Overall, the rate of antibiotic resistance is higher compared to several previous studies. We do not have specific data on the usage of antibiotics for the included patients in the current study. The increased resistance may be due to the fact that as our institute is a tertiary care hospital, there was every possible chance that the patients must be treated in a primary care setting and might be exposed to some antibiotics during the treatment at such centers.

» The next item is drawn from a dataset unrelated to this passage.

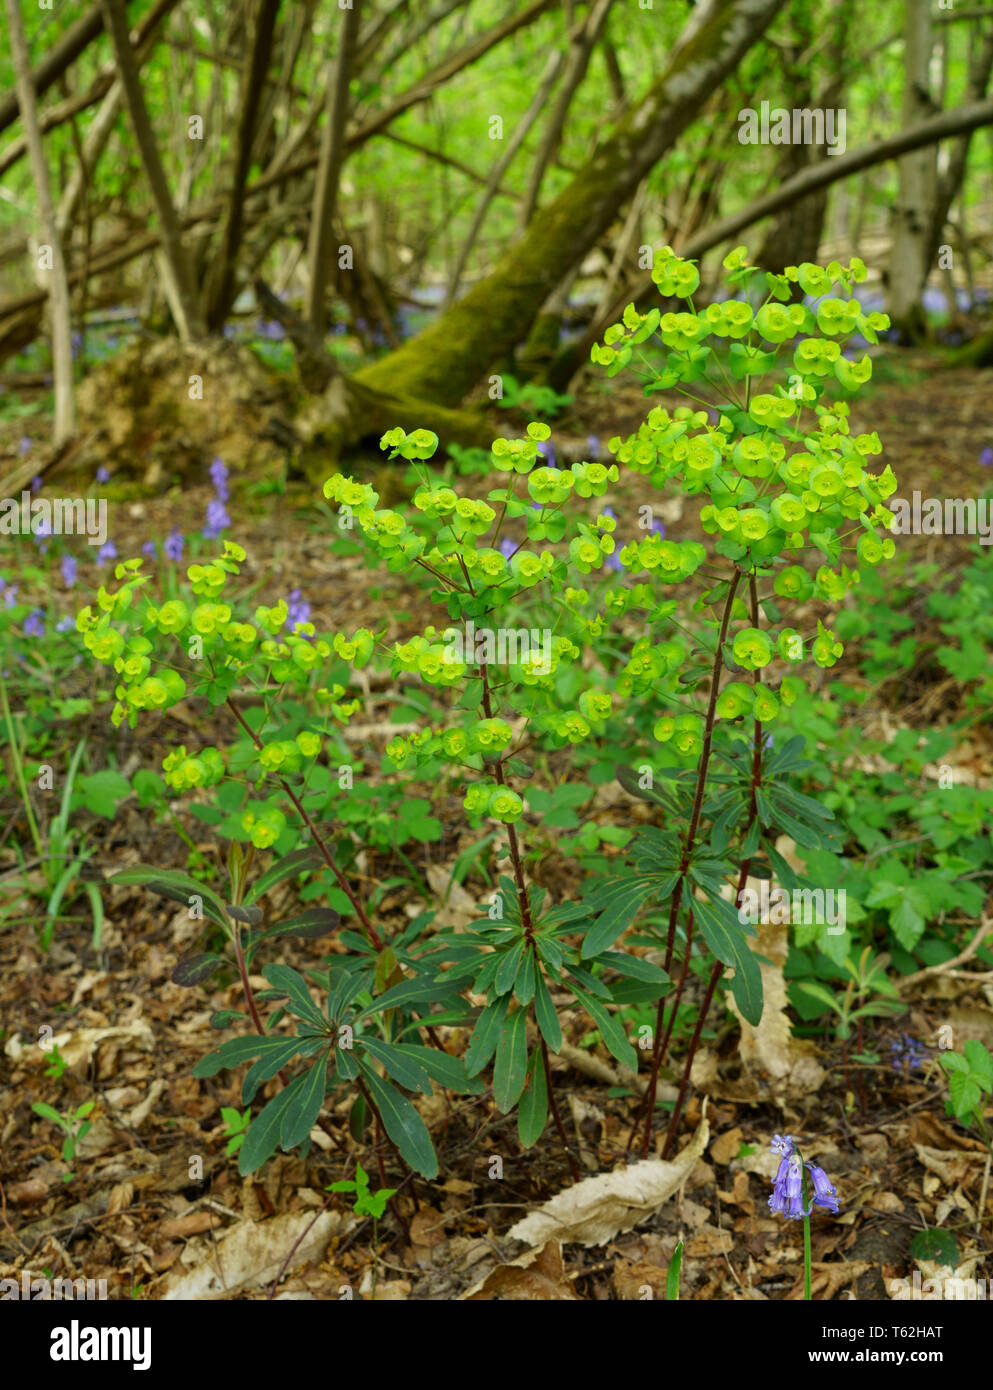 Holz wolfsmilch Euphorbia amygdaloides Pflanze Blüte im Frühling. Stockfoto

Drugs including β-lactams, aminoglycosides and fluoroquinolones have been used to treat various infections and the prolonged use of such drugs may lead to a high rate of antibiotic resistance.

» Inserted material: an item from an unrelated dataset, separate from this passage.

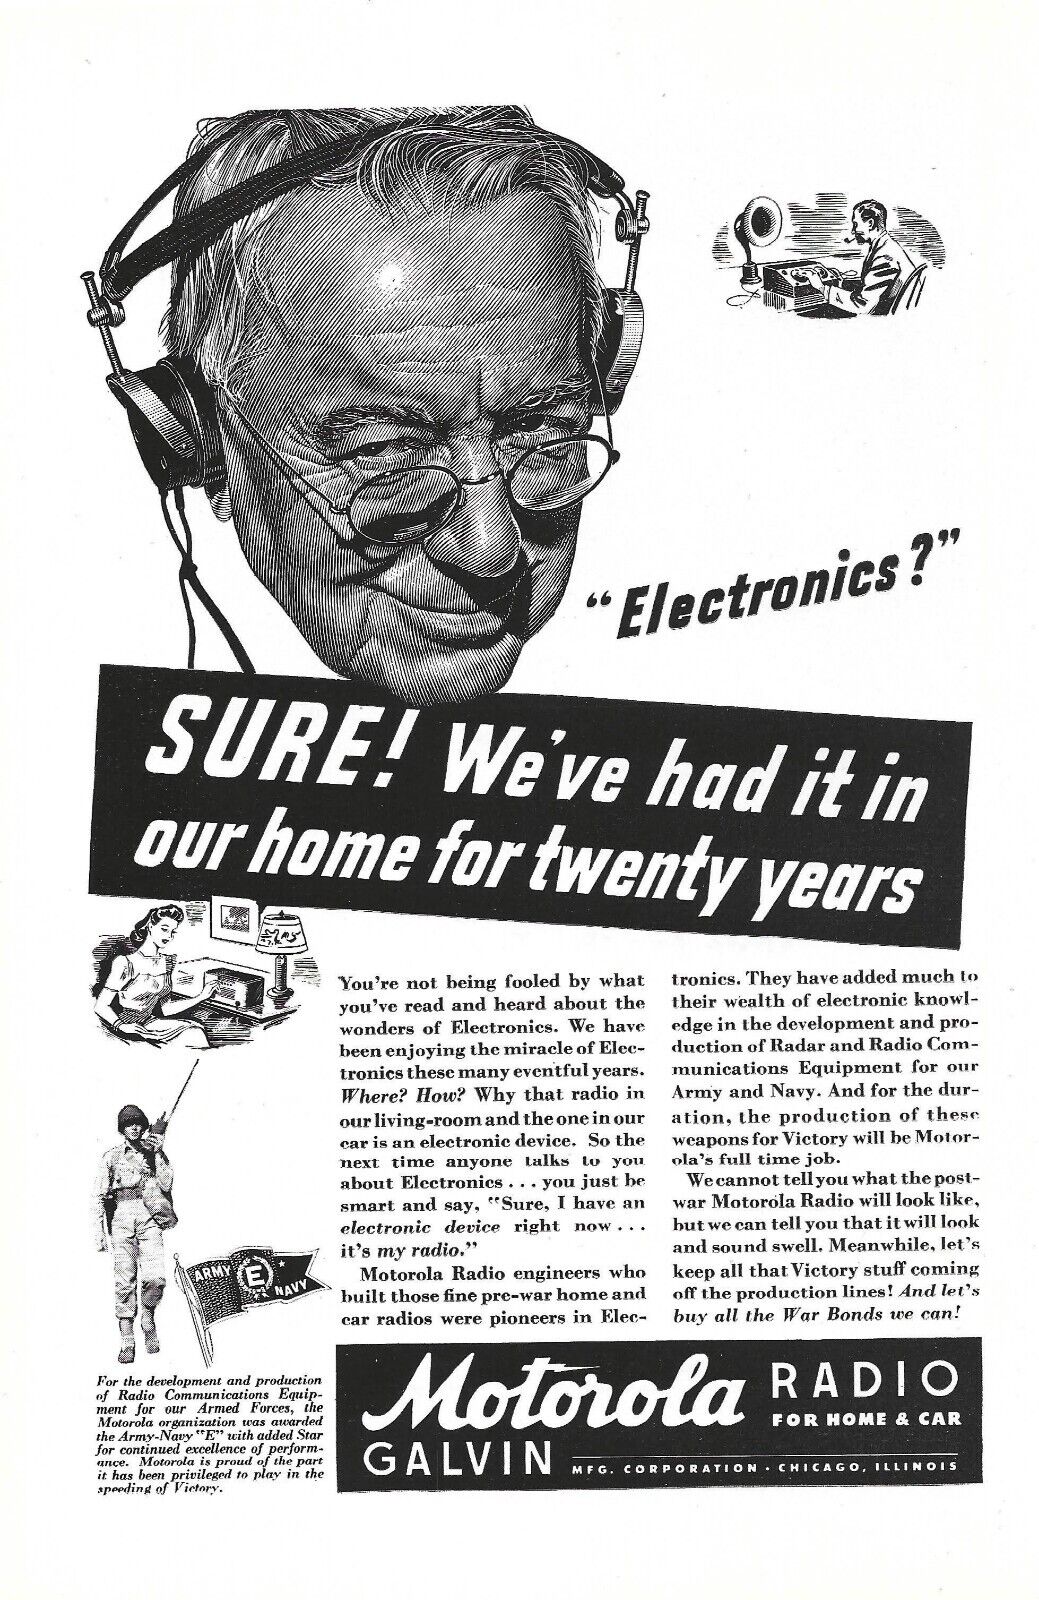 1943 Motorola Radio For Home And Car Vintage Print Ad Ephemera

The ESBL and the AmpC β-lactamase in Salmonella sp. have been reported in developing countries including India and Pakistan (36-38). However, data regarding the report of β-lactamase and the AmpC β-lactamase among Salmonella sp. is scarce in China. In our study, 32.6% of our isolates were positive for the blaCMY-2gene and significantly higher than other genes (t-test, P < 0.05). The blaCTX-M-15 was the next predominant gene found in our study. Similar to our study, a study from India reported that blaCMY-2(20.9%) was the predominant gene while blaCTX-M-15 was the next predominant gene amplified by their NTS, however, their rates were much lower compared to our results (22). In the current clinical settings, third-generation cephalosporins are the drug of choice for treating NTS infections, the presence of blaCTX-M-15, which spread among bacteria, especially the co-occurrence of plasmid-mediated ESBL and AmpC which can hydrolyse even carbapenems and pose a serious threat during the treatment of NTS infections. The study is limited by its retrospective and single-center design.
5.1. Conclusions
Overall, S. typhimurium was the predominant species identified and blaCMY-2 was the predominant gene amplified by our isolates. In general, invasive isolates exhibit less resistance, however, in our study the iNTS isolated from blood samples showed a similar resistance pattern to that of the NTS isolated from stool samples. Compared to other literature, the high prevalence and increased resistance especially among iNTS is a cause of concern and reiterates the need to test blood samples along with the stool samples for better management of gastroenteritis.